Saúl la tiene pequeña

«Amanda simula con sus labios un coño prieto, donde Saúl la penetra con la inmunidad de los no acomplejados»

Saúl la tiene pequeña

Una pareja se mira con complicidad. | Wikimedia Commons

Saúl tiene un secreto que esconde en su bragueta; uno que guardan, al igual que él, miles y miles de otras braguetas. Saúl custodia para sí una arquitectura fallida sobre la que se construye con cimientos endebles el edificio de la hombría. Saúl la tiene pequeña. 

Se ríe e incluso orquesta pentagramas de bromas rancias que arrancan las risas coreografiadas de otros que, como él, encubren lo suyo. Lo de cada uno pesa y reírse de lo ajeno alivia el lastre de lo propio en el juego común de las apariencias. 
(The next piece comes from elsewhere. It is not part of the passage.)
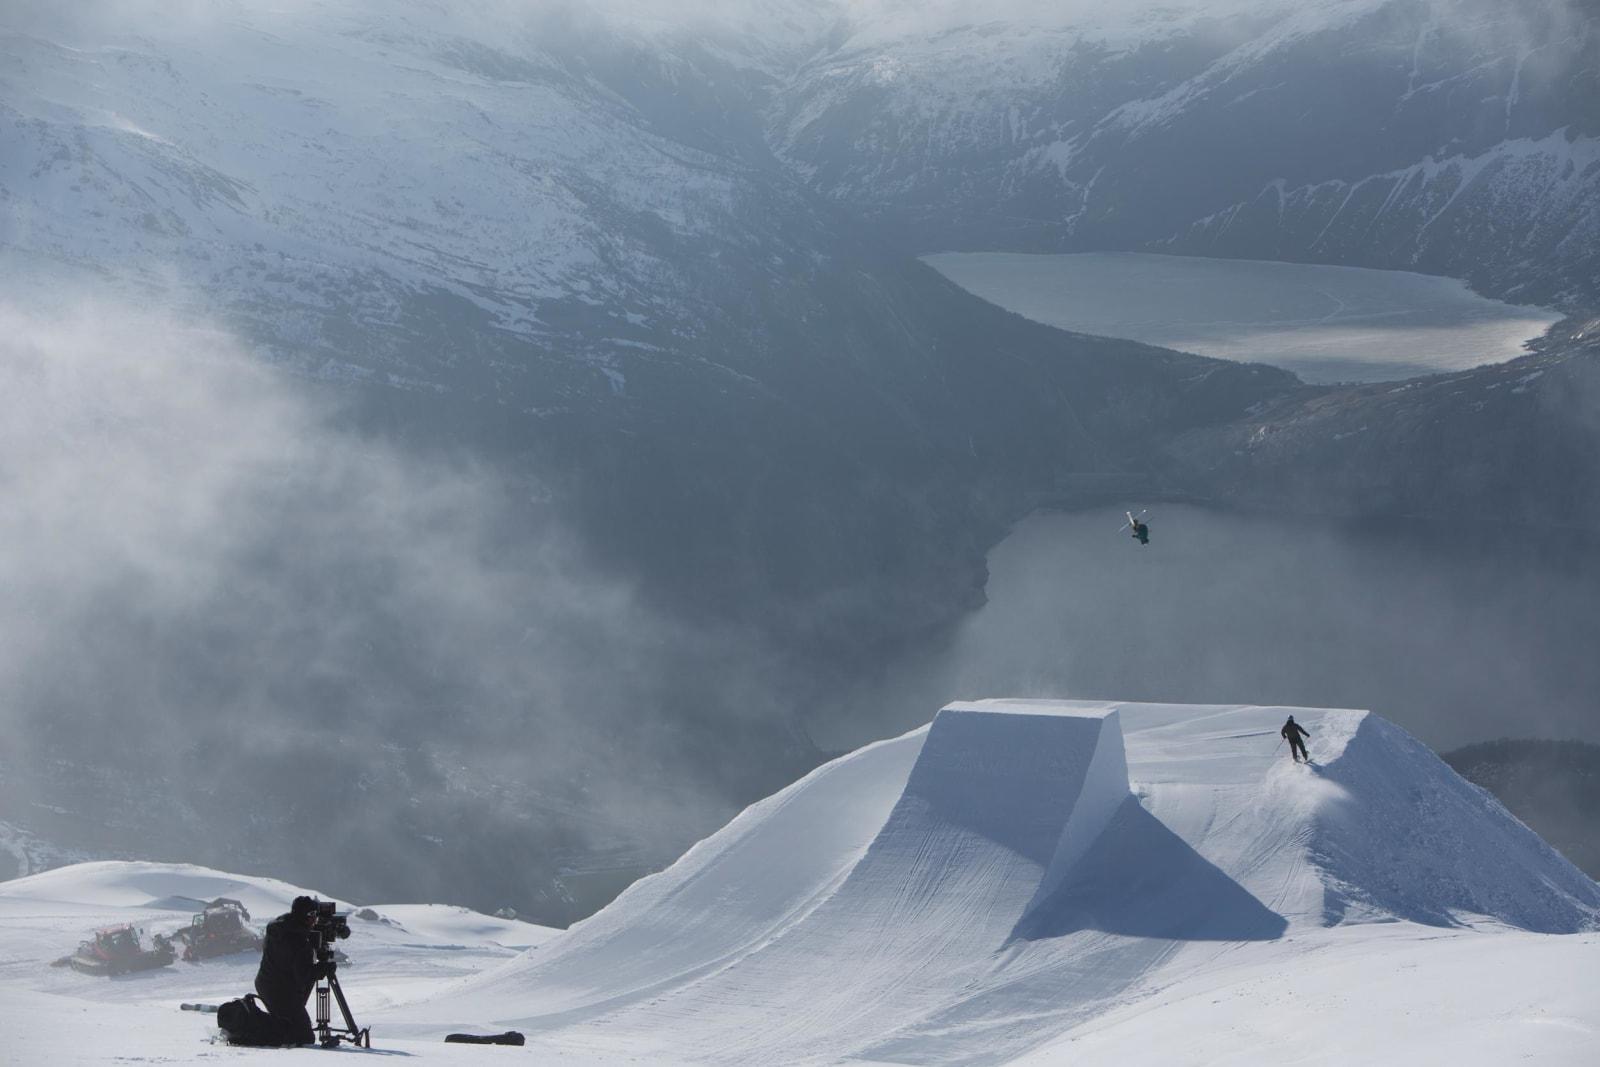 PUBLIKUM: Fjellnorges beste kamerapark og en tråkkemaskin fra Lofoten, følger med Øystein Bråten som også i Glomfjord er glovarm. Foto: Thomas Kleiven

También esconde Saúl el gesto que cambia la cara de Amanda cuando, colocada en su regazo, le lame el colgajo de piel que apenas se le asoma de entre el mullido vello de su pubis. Le gusta jugar a ella a dejarse caer con desinterés, reclamando mimos y caricias en el cuello o buscando una postura más cómoda para sentarse ante el televisor, para bajarle con excusas el pantalón y comenzarle a lamer. La polla pequeña de Saúl se llena de sangre con diligencia y Amanda se relame ante las primeras pulsiones que anuncian una posible erección.  La aprecia ella en primera fila, como el que observa crecer el tallo de una flor a cámara rápida, y se siente orgullosa de la rojez sanguínea que altera el color del glande que ha comenzado a engrosar.  La polla corta de Saúl puede acariciarle el paladar mientras enfunda su rostro entero en él sin ahogarse; mientras le lame las ingles y huele su vello sin atorarse; mientras la hondura estimula la creatividad de su lengua que salta y se retuerce con espacio para poder tragar. Le gusta a Amanda simular con sus labios un coño prieto, donde Saúl la penetre con la inmunidad de los no acomplejados. 

Tampoco cuenta Saúl cómo Amanda se deleita en ejercer de mamífera y le enseña la vulva meneando el culo, desde atrás, para que Saúl le estimule la entrada con golpes de pocos centímetros; para que le acaricie los labios con el jugo que escupe su pene rabioso de ganas; para que se pasee por su ano con caricias tersas y desde ahí, le penetre el esfínter con un agradable empujón. Callan ambos a todos cómo, engarzados por atrás, la picha corta de Saúl la besa por dentro y se le encaja sin arañarle las entrañas; cómo la brevedad de sus centímetros hacen que, bien apretados, Saúl frote su pelvis contra la carne ingrata del culo de Amanda que no responde ya a las horas de gimnasio; y cómo cada tope, golpe y frote les vierte el cuerpo entero de un hormigueo que les lanza clamar su rendición ante cualquier deidad. 

Silencia también este Saúl la entrega de su boca en cunnilingus sin cronómetros; los magreos del coño de Amanda con sus dedos también cortos, también gruesos; las caricias, besos y mordidas en aquellas zonas inesperadas en las que Amanda cierra o abre los ojos con distinción y entusiasmo. Tampoco habla de las palabras que hacen que, en este baile de excitaciones, giren acompasados como en un vals. A veces, la ternura inunda sus ojos oscuros y la belleza conocida de Amanda se le escapa en un «preciosa que eres» ensalivado de cariño y lascivia. Otras, la mira como la hembra en celo que le saca la lengua, le pone el coño en la cara y gime ante cualquier azote; son historias de perras, zorras y putas las que mojan entonces el colchón de los dos. 

Nunca llegaron a sacar el metro Saúl ni Amanda para medir el ingenio de sus encuentros y, por lo que me cuentan, seguirán riéndose de los chistes añejos que hasta el propio Saúl provoca en los círculos que les llenan bien poco la vida a ellos dos.